I have two challenges:
The data is stored in UTC and needs to be filtered with dates in EST (UTC -5).
"Choosing the last 30 days" means cutting off at midnight yesterday, and taking yesterday minus 29.
Previously, my code looked like this:
"datecol" >= DATEDIFF(millisecs, '1969-12-31 19:00:00', ''start date' 00:00:00')
AND "datecol" <= DATEDIFF(millisecs, '1969-12-31 19:00:00', ''end date' 23:59:59')
The application would update the start and end dates as described by the user.
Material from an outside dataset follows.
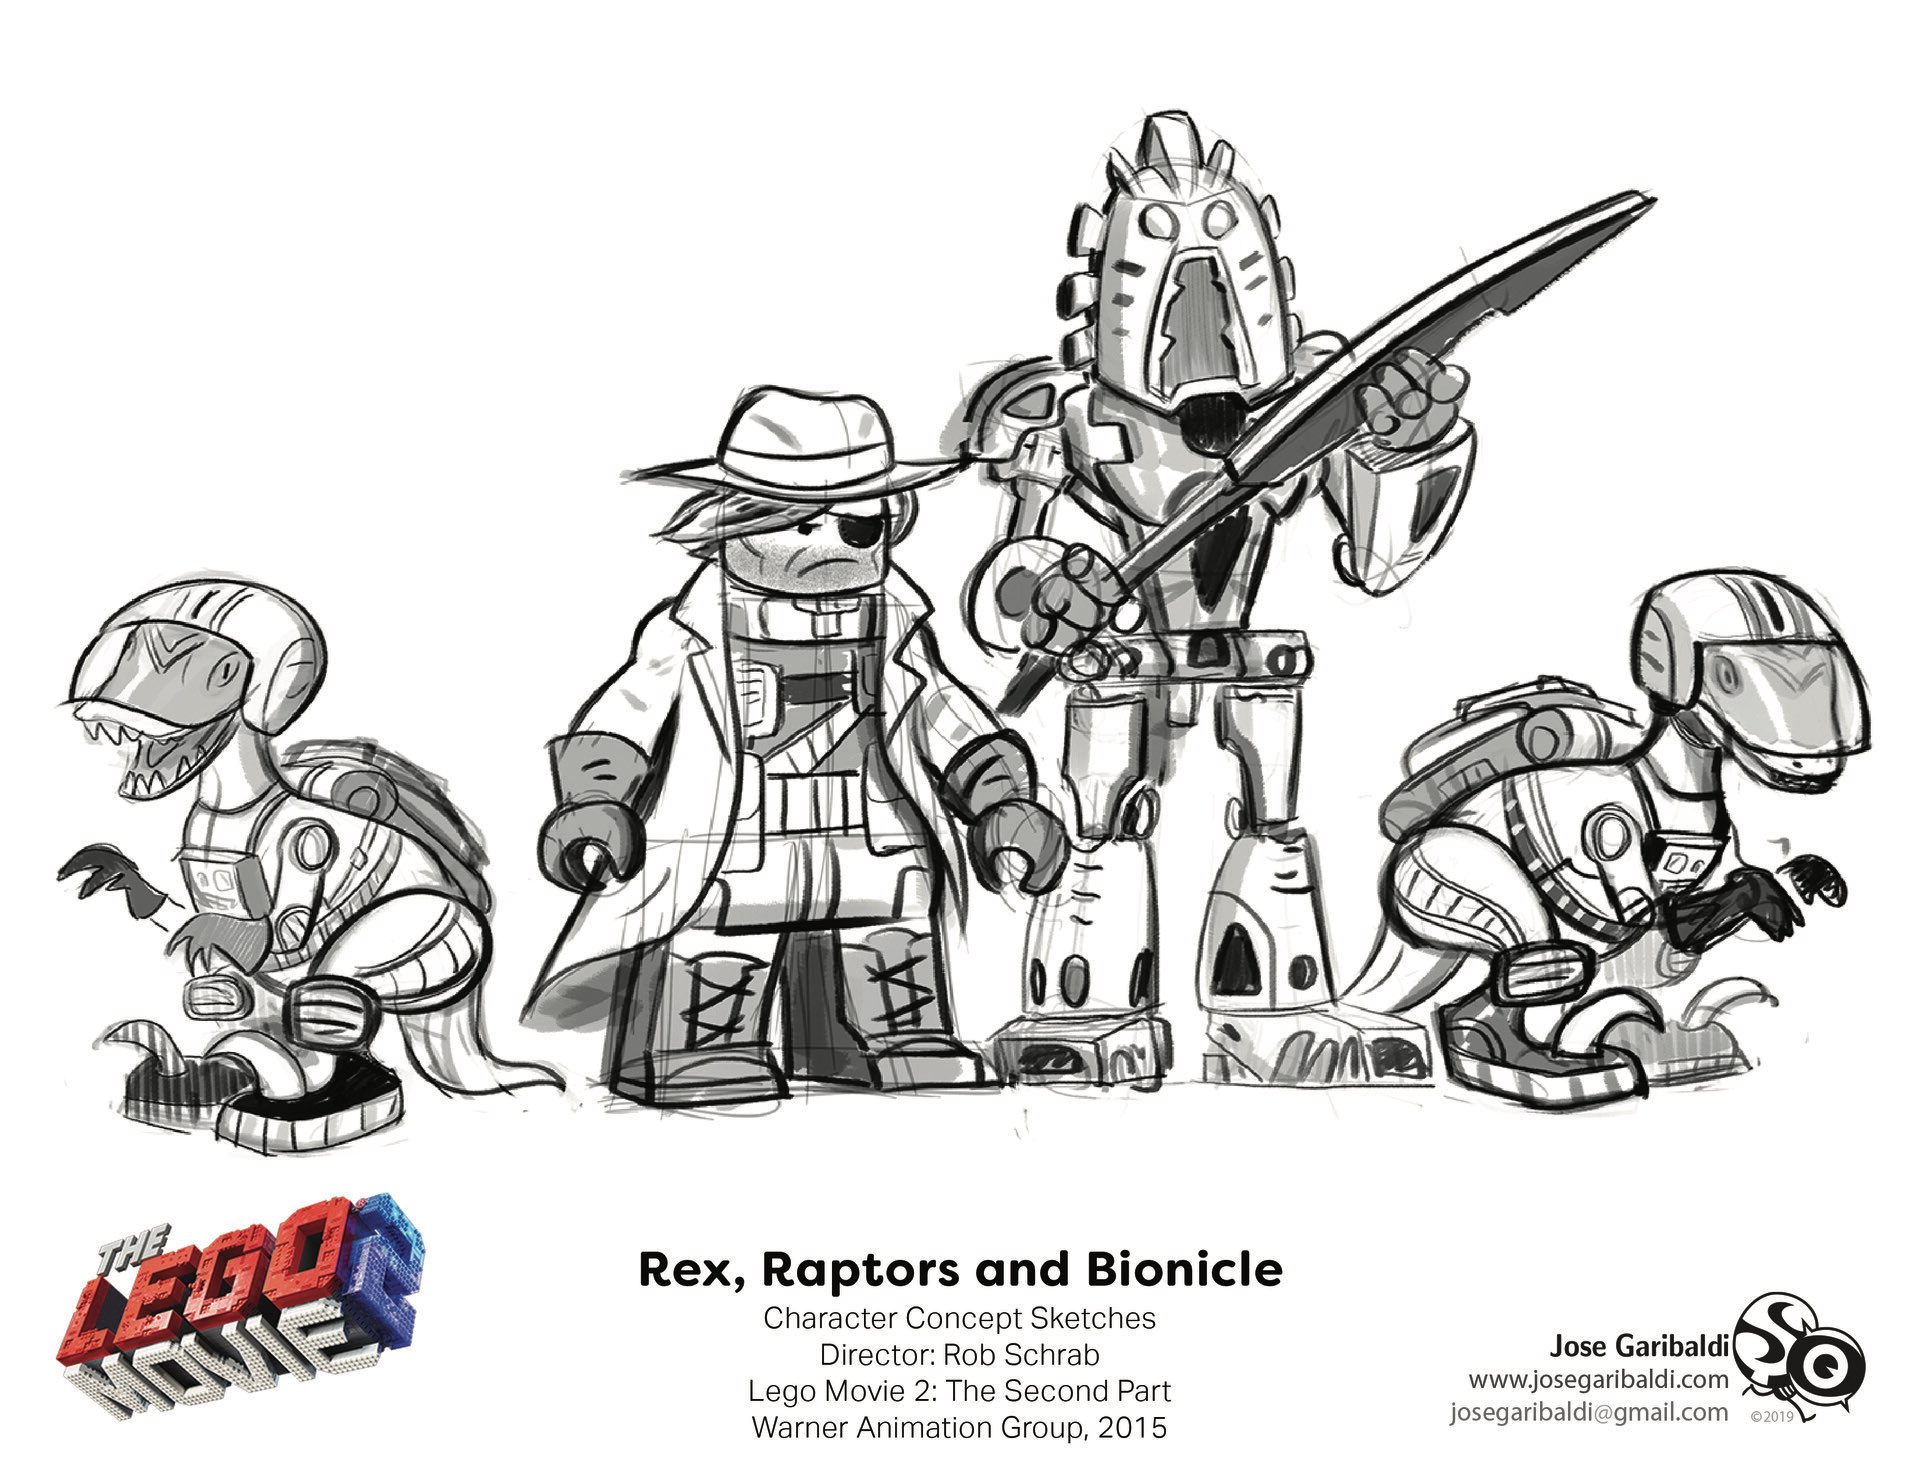 Takanuva dans la Grande Aventure LEGO 2 ? ECUwn-yWwAER796?format=jpg&name=large

This code is adjusted for the time difference.
How can I use GETDATE() and DATEADD() on a Unix timestamp, using the constraints of Redshift SQL?
Thanks.
extract('epoch' from ts) gives you unix timestamps and you just add 5 hours to query UTC as if it is EST (if EST is UTC-5 then UTC is EST+5)
between extract('epoch' from ('<<date1>>' + interval '5 hour'))
and extract('epoch' from ('<<date2>>' + interval '29 hour' - interval '1 second'))
also, from_unixtime can be expressed in Redshift as the following:
select timestamp 'epoch' + unix_ts_column * interval '1 second'
a bit ugly but works just like that
I think you want to write a User Defined Function (UDF) for your Redshift database using Python and the python standard datetime module. See http://docs.aws.amazon.com/redshift/latest/dg/user-defined-functions.html
Follow the section titled Creating a Scalar Python UDF.
I don't quite understand your query or the context, but I think you can figure out how to get what you want using UDLs.
For example to get the milliseconds between two datetimes (one in UTC, one in EST) you would write is like the following (not tested):
CREATE FUNCTION datediff_py(a datetime, b datetime)
returns float
stable
as $$
#python code goes here between the $$
from datetime import datetime
FMT = '%Y-%m-%d %H:%M:%S' #dates like '2016-12-24 23:59:59'
tdelta = datetime.strptime(a + " UTC", FMT + " %Z") - datetime.strptime(b + " EST", FMT + " %Z")
return tdelta.total_seconds()*1000
$$ language plpythonu;
This computes the milliseconds between an SQL datetime a that is in UTC and b that is in EST. The %Z format is used for timezones. A usage would be:
"datecol" >= datediff_py('1969-12-31 19:00:00', user_date)
Of course Unix epoch is actually '1970-01-01 00:00:00'.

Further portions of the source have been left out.